## SUPPLIED INFORMATION
++++++++++

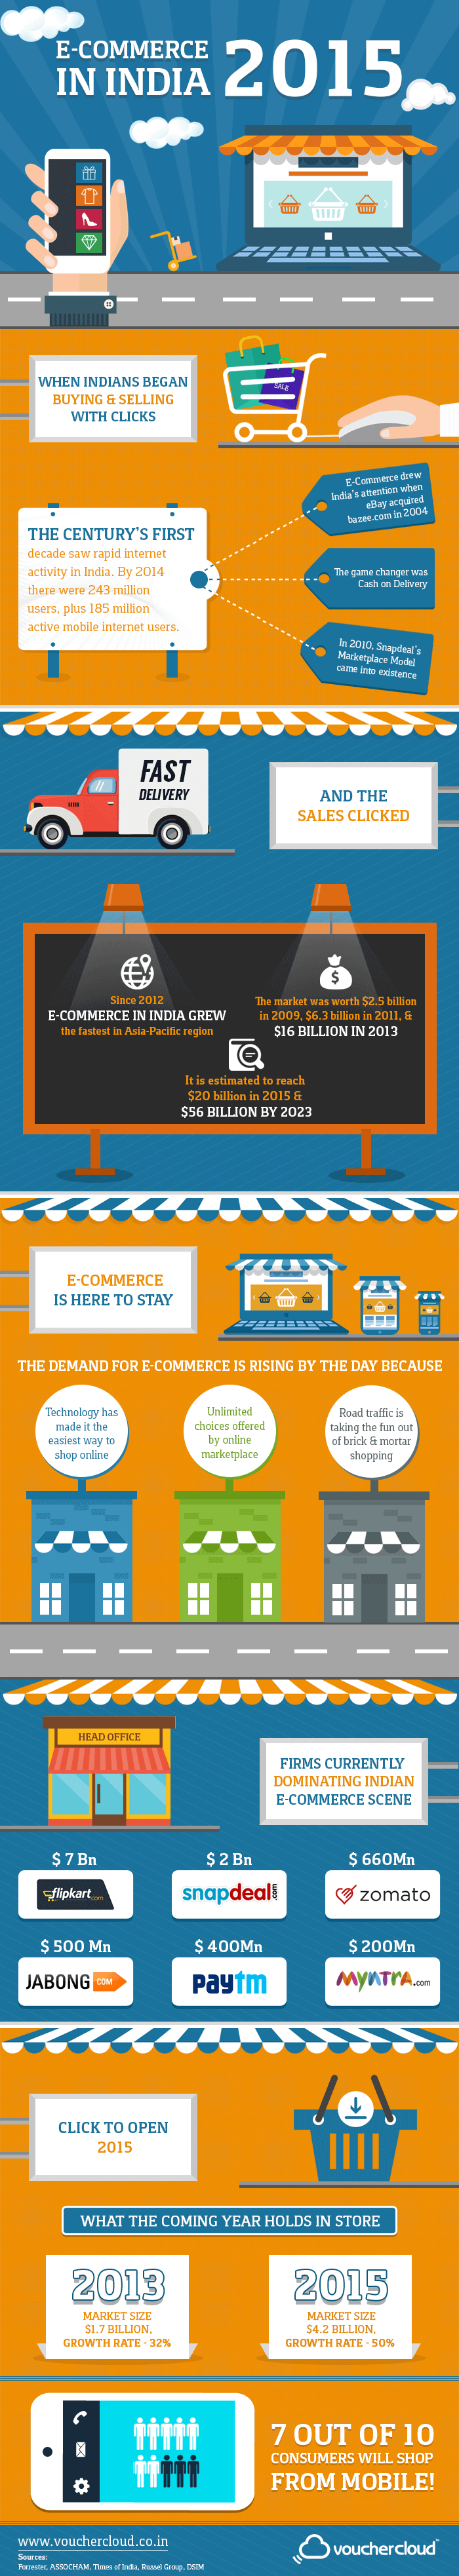 ECommerce in India
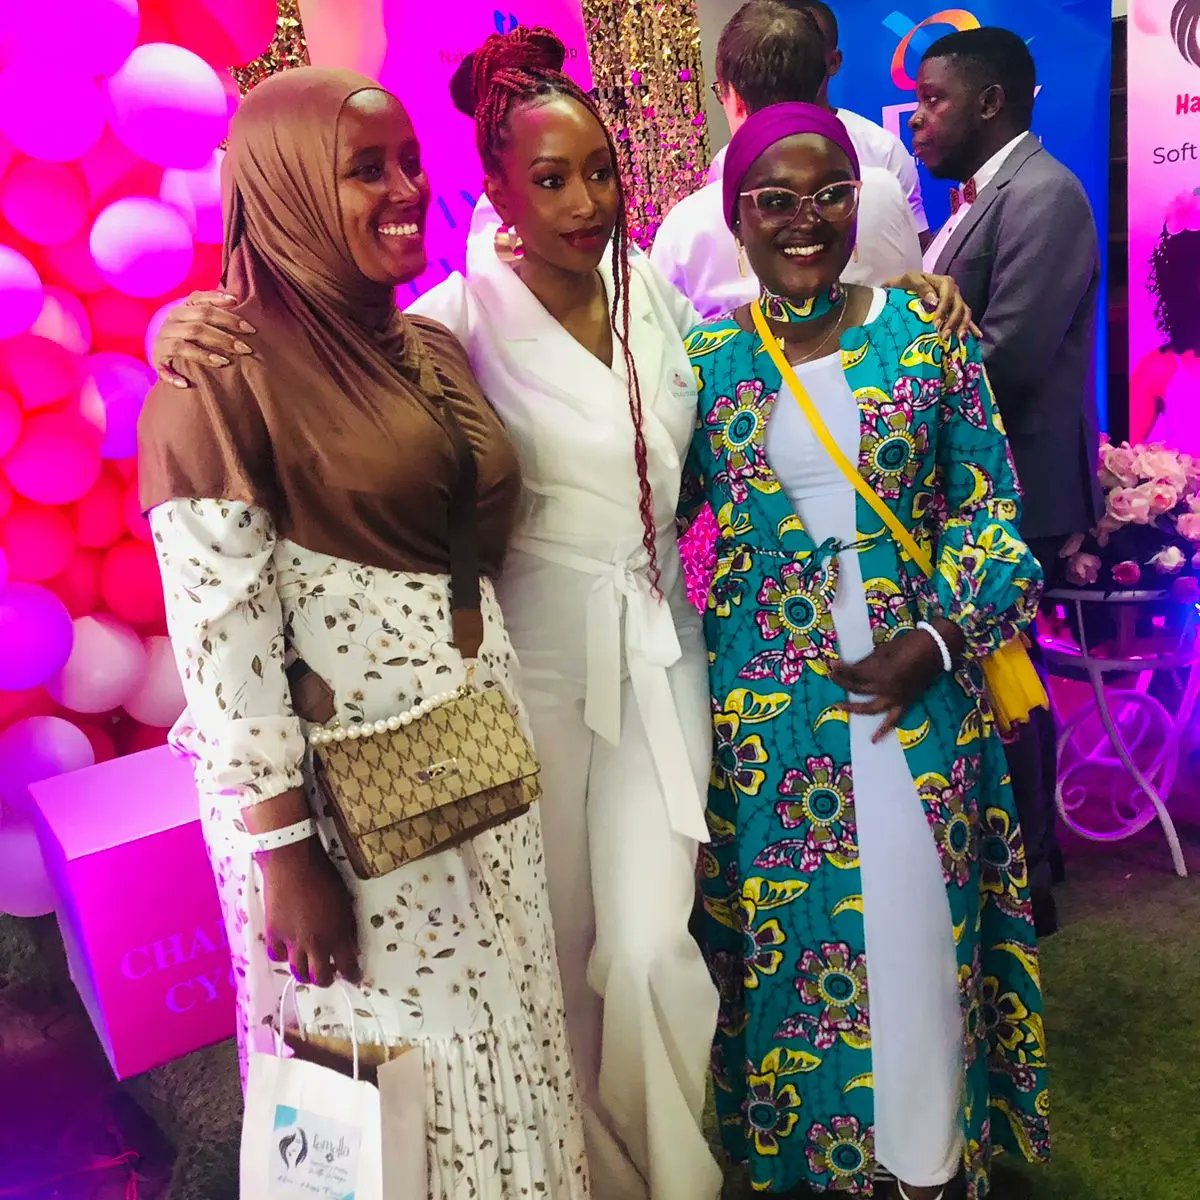 Over the weekend, we joined other key practitioners, advocates and allies who work in the Menstrual Hygiene Management space for the learning and networking event on #ChangingCycles that was convened by @inuadada & @officialjanetmbugua...
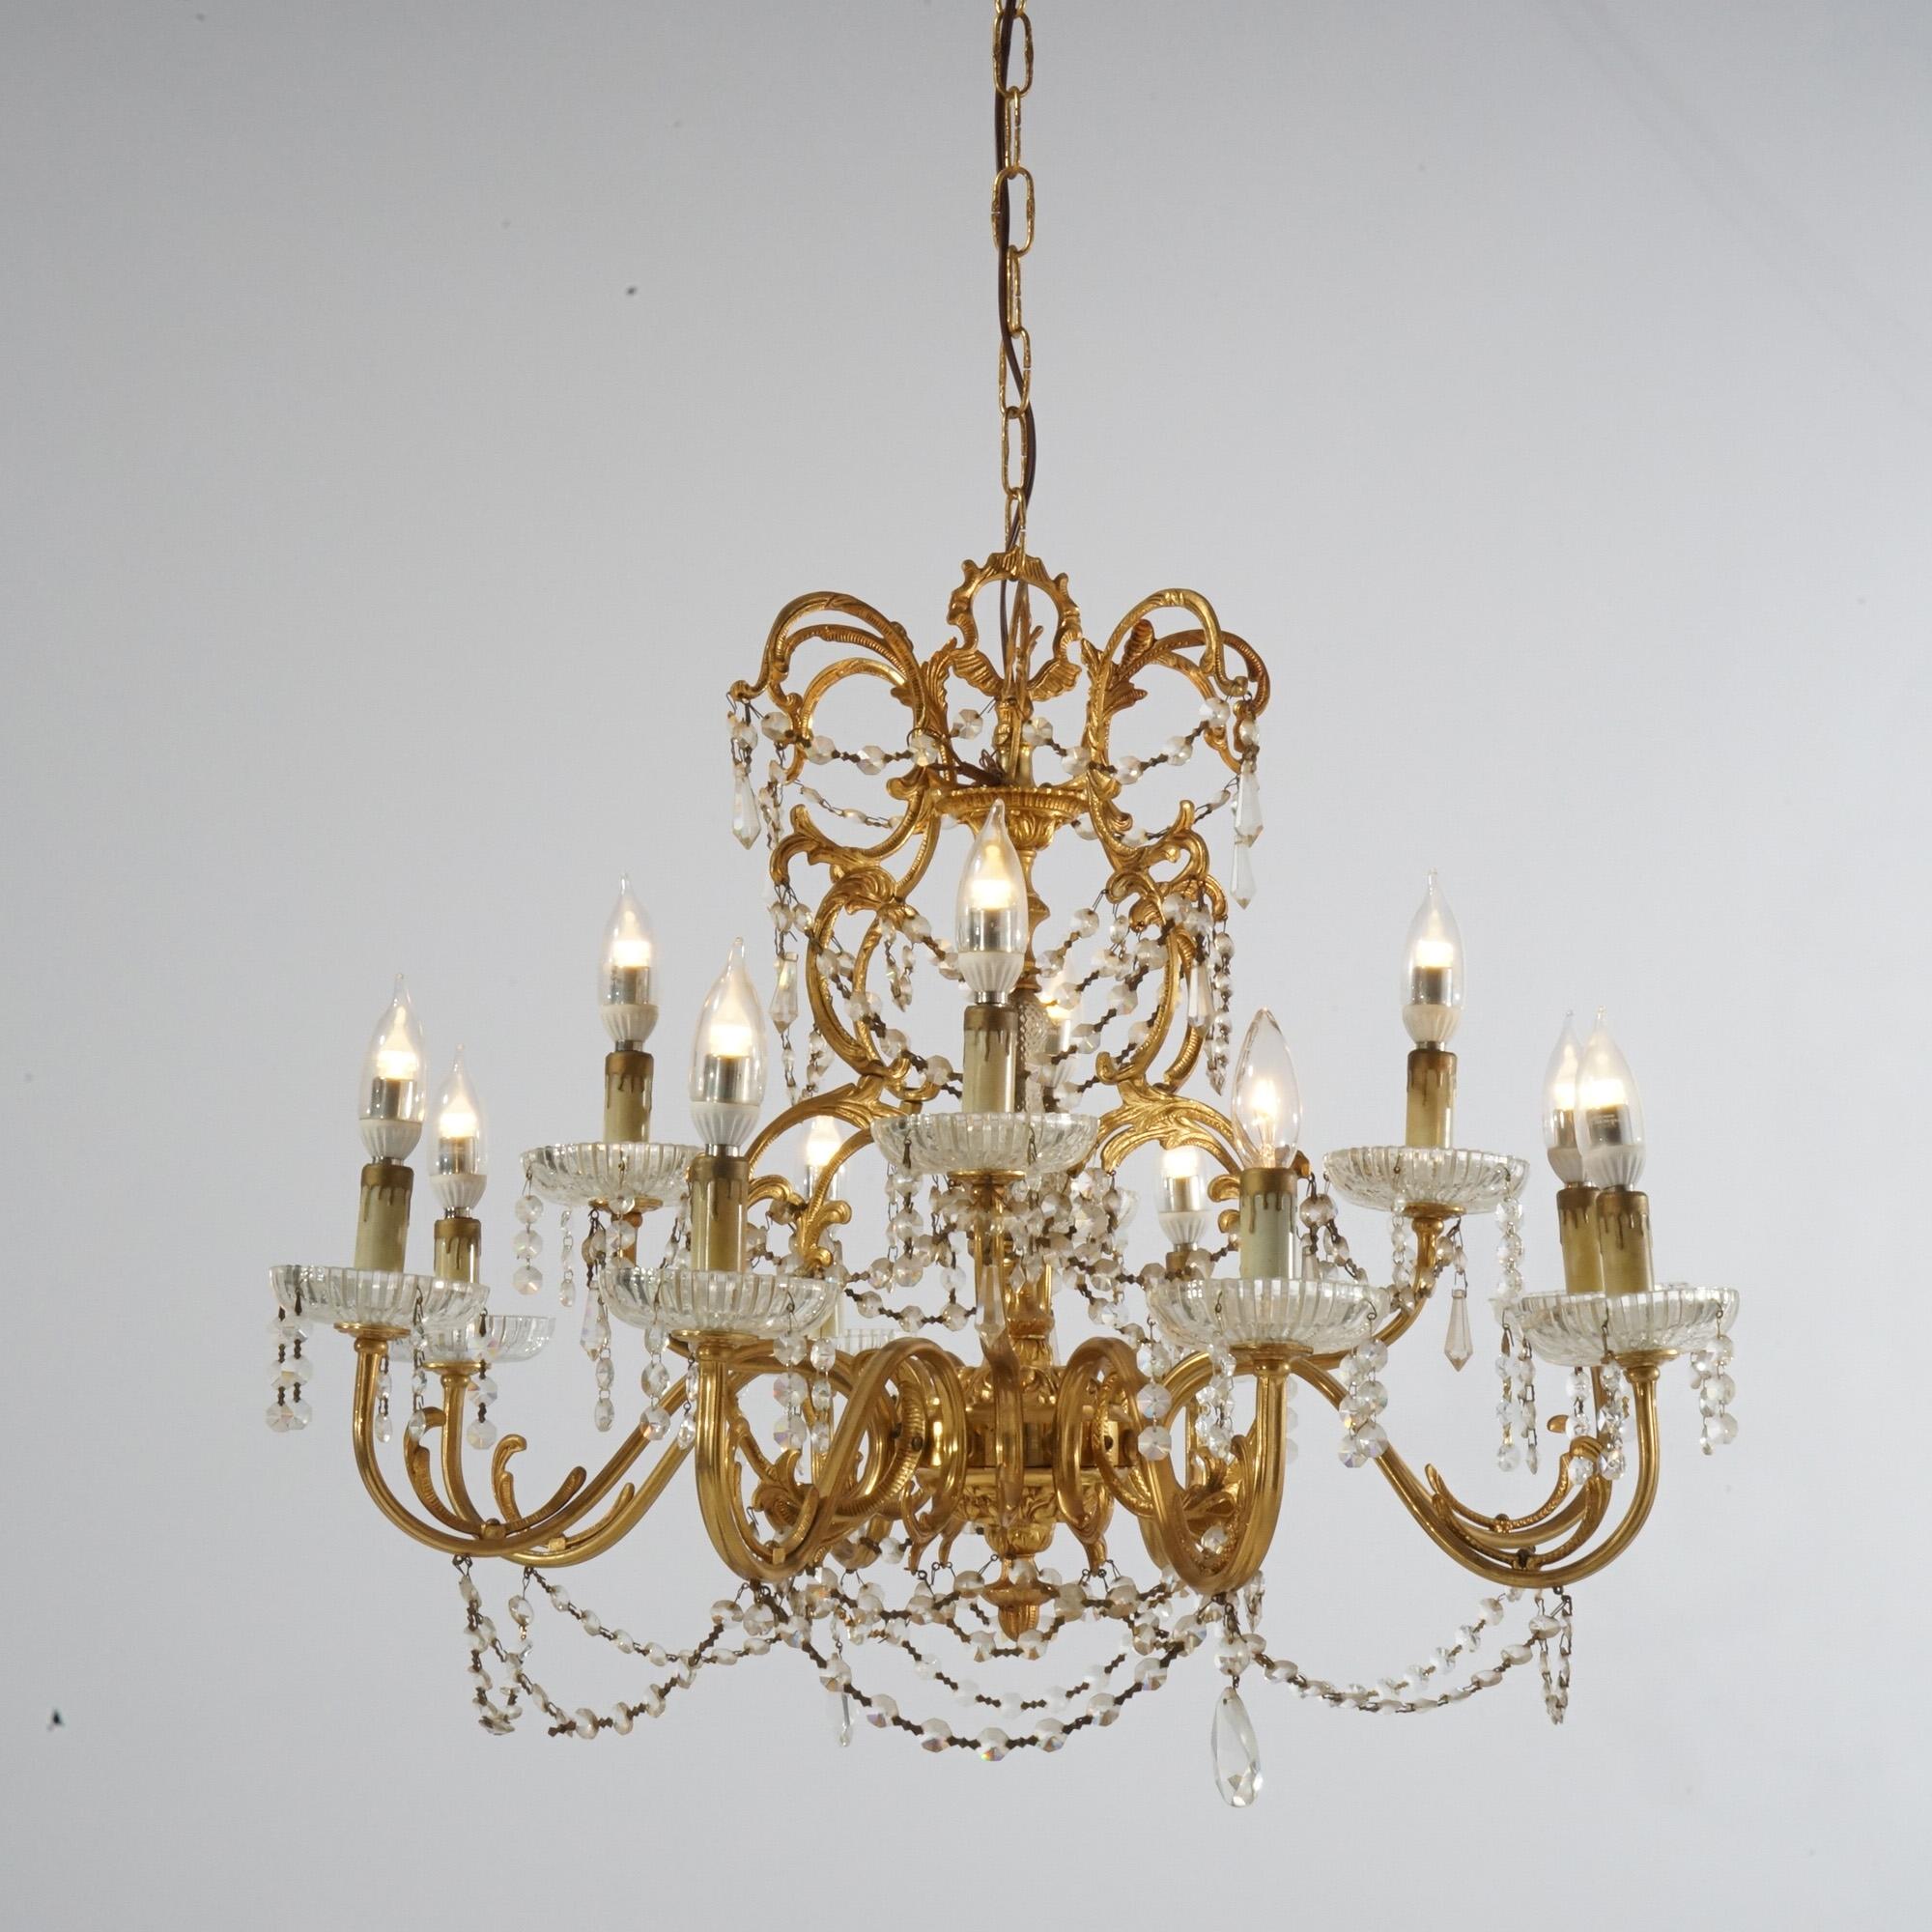 An antique French style chandelier offers a gilt frame with scrolled foliate arms terminating in twelve candle lights, strung and drop crystals throughout, c1930.

Measures- 38''H x 26.5''W x 26.5''D; 12'' drop.

++++++++++

## WHAT YOU HAVE TO DO
An exact restatement is expected of the lines from the line containing "Over the weekend, we" to the end of the data above, pictures excluded.

## TASK RESPONSE
 Over the weekend, we joined other key practitioners, advocates and allies who work in the Menstrual Hygiene Management space for the learning and networking event on #ChangingCycles that was convened by @inuadada & @officialjanetmbugua...
 An antique French style chandelier offers a gilt frame with scrolled foliate arms terminating in twelve candle lights, strung and drop crystals throughout, c1930.

Measures- 38''H x 26.5''W x 26.5''D; 12'' drop.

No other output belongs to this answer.